Befangenheit eines Gutachters aufgrund einseitiger Aktendokumentation
15. März 2023
Wenn eine versicherte Person in einem sozialversicherungsrechtlichen Verfahren begutachtet wird, dann gelten für die Gutachterpersonen die gleichen Ausstandsgründe wie für Richter. Nach Art. 36 ATSG liegt ein Ausstandsgrund vor, wenn die Gutachterperson in der Sache ein persönliches Interesse hat oder in der Sache befangen sein könnte. Befangenheit ist anzunehmen, wenn im Einzelfall anhand sämtlicher Gegebenheiten Umstände vorliegen, die geeignet sind, Misstrauen in die Unparteilichkeit zu erwecken. Dabei ist es ausreichend, den Anschein der Befangenheit und die Gefahr der Voreingenommenheit nachzuweisen, da die tatsächliche Befangenheit nur schwer beweisbar ist (vgl. etwa BGE 140 III 221 E. 4.1). Mit dieser Thematik hatte sich das Verwaltungsgericht Schwyz kürzlich in einem von schadenanwaelte geführten Fall auseinanderzusetzen.

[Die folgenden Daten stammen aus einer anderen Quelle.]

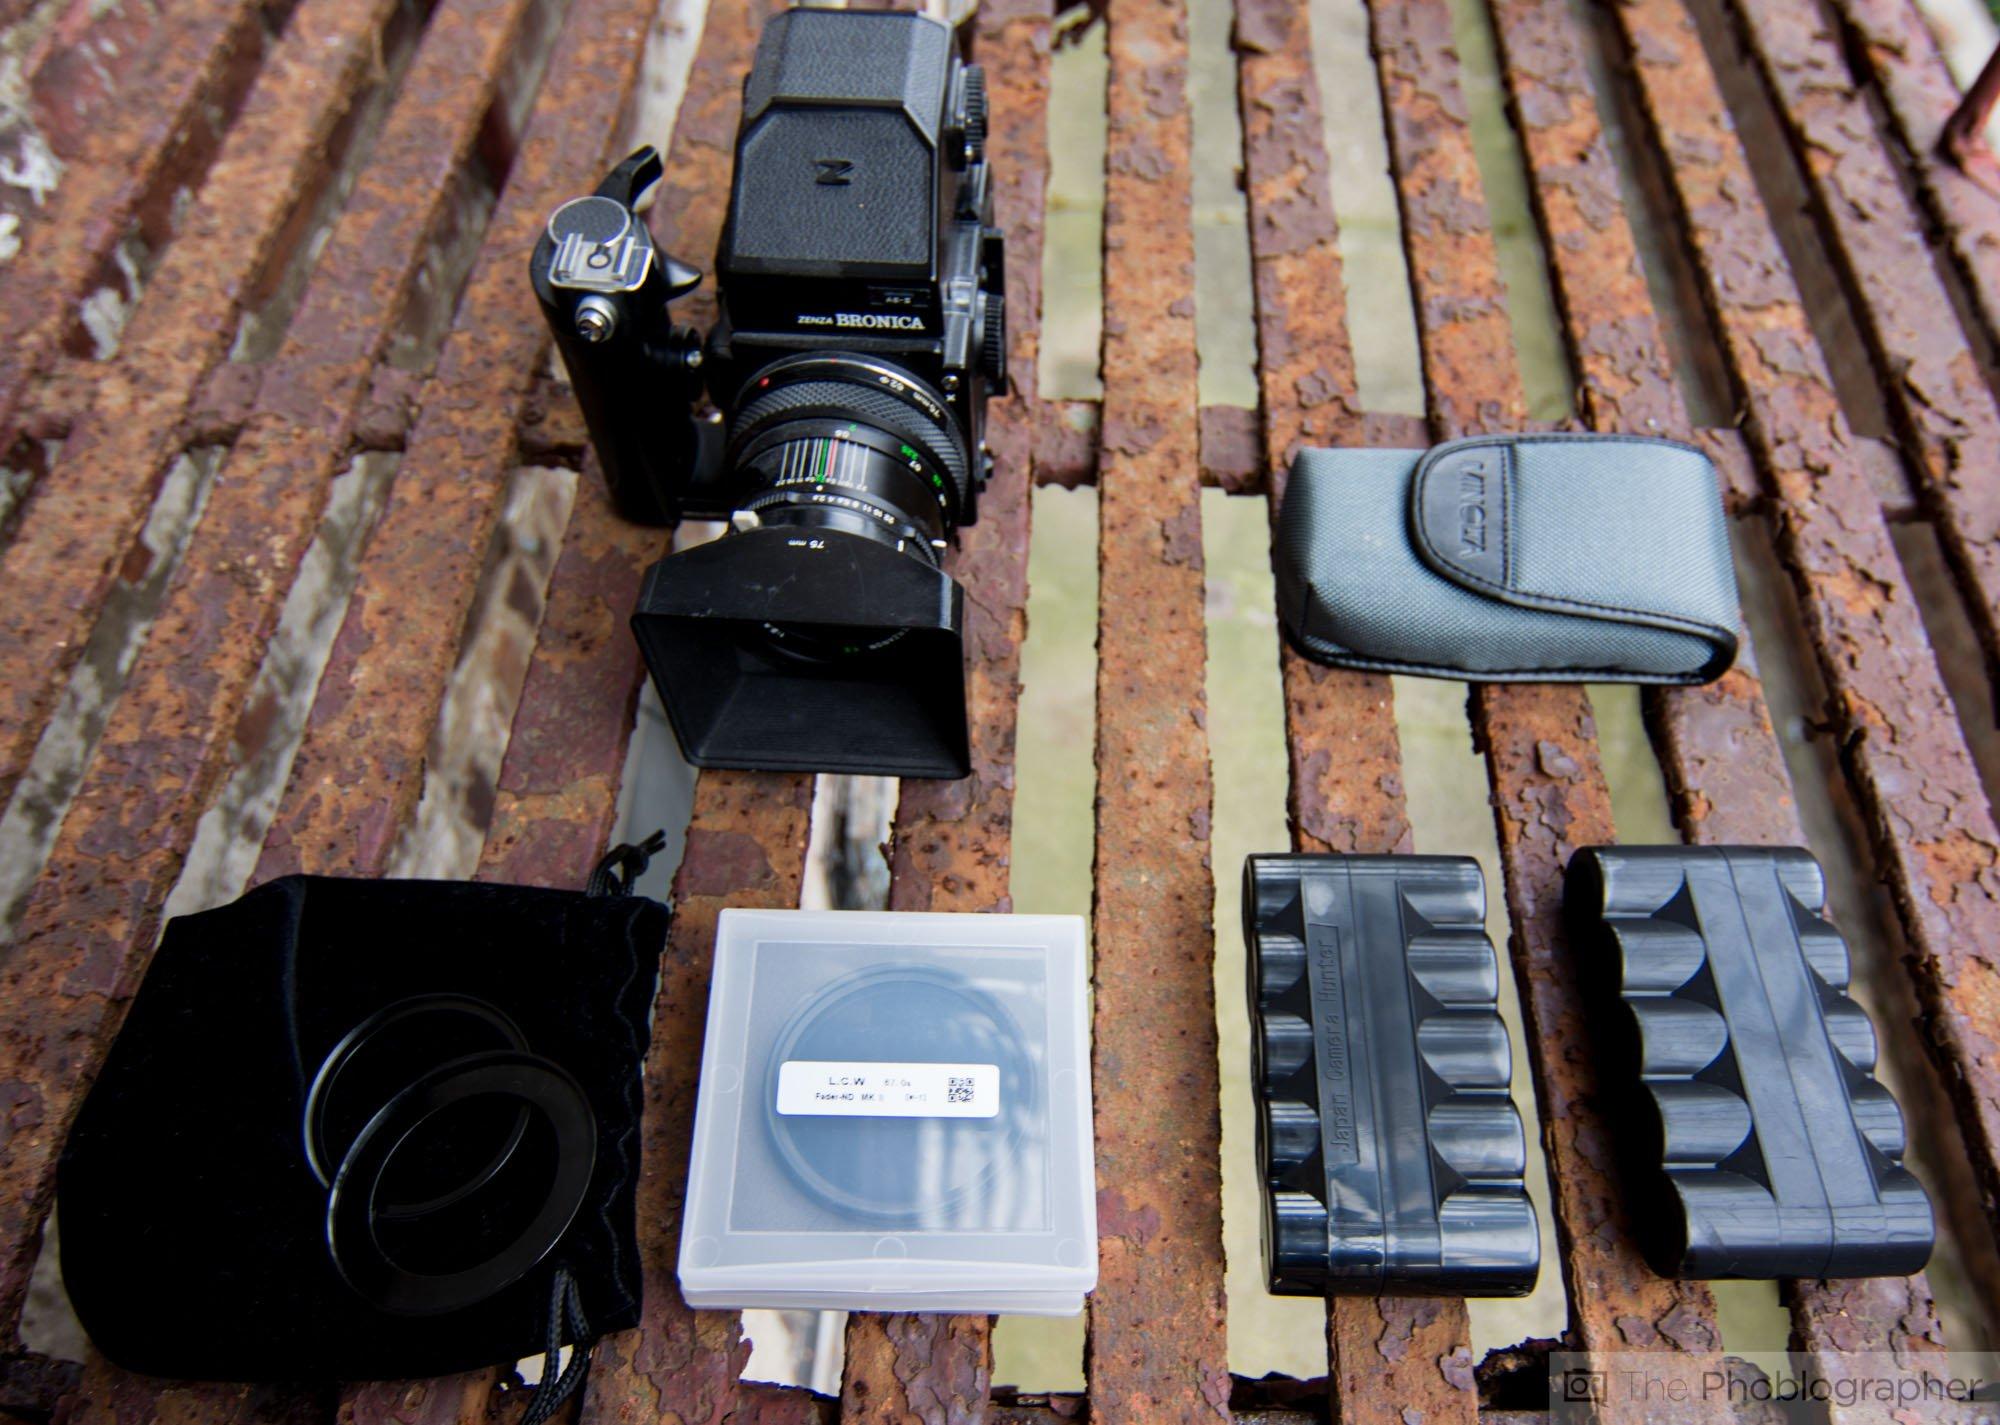 How Does Medium Format Digital Do vs Medium Format Film for Portraits?

Die Krankenkasse des Versicherten wurde nach einem Rückweisungsentscheid des Verwaltungsgerichts Schwyz verpflichtet, ein Gutachten zur Abklärung des medizinischen Sachverhalts einzuholen, damit über die Kostenübernahme eines operativen Eingriffs erneut entschieden werden konnte. In der Folge unterbreitete die Krankenkasse einen Vorschlag für einen Gutachter, bei welchem die Expertise schliesslich eingeholt wurde. Aus der zugestellten Kopie des Gutachtenauftrags ging hervor, dass bereits ein Jahr zuvor eine Kontaktaufnahme stattfand und dass dem Gutachter diverse medizinische Unterlagen sowie die Rechtsschriften der Krankenkasse übermittelt wurden, hingegen nicht diejenigen des Versicherten. Gestützt darauf wurde ein Antrag auf Befangenheit aufgrund einseitiger Kontaktaufnahme sowie Ungleichbehandlung der Parteien wegen einseitiger Aktendokumentation gestellt. Die Krankenkasse war der Auffassung, dass keine Voreingenommenheit vorliege und begründete dies damit, dass die Rechtsschriften ohnehin nicht von Relevanz seien und der Gutachter für seine Beurteilung nur auf die medizinischen Berichte abstellte. Deshalb komme der (zwischenzeitlich bereits erstellten) Expertise volle Beweiskraft zu. Gestützt darauf lehnte die Krankenkasse die Kostenübernahme ab.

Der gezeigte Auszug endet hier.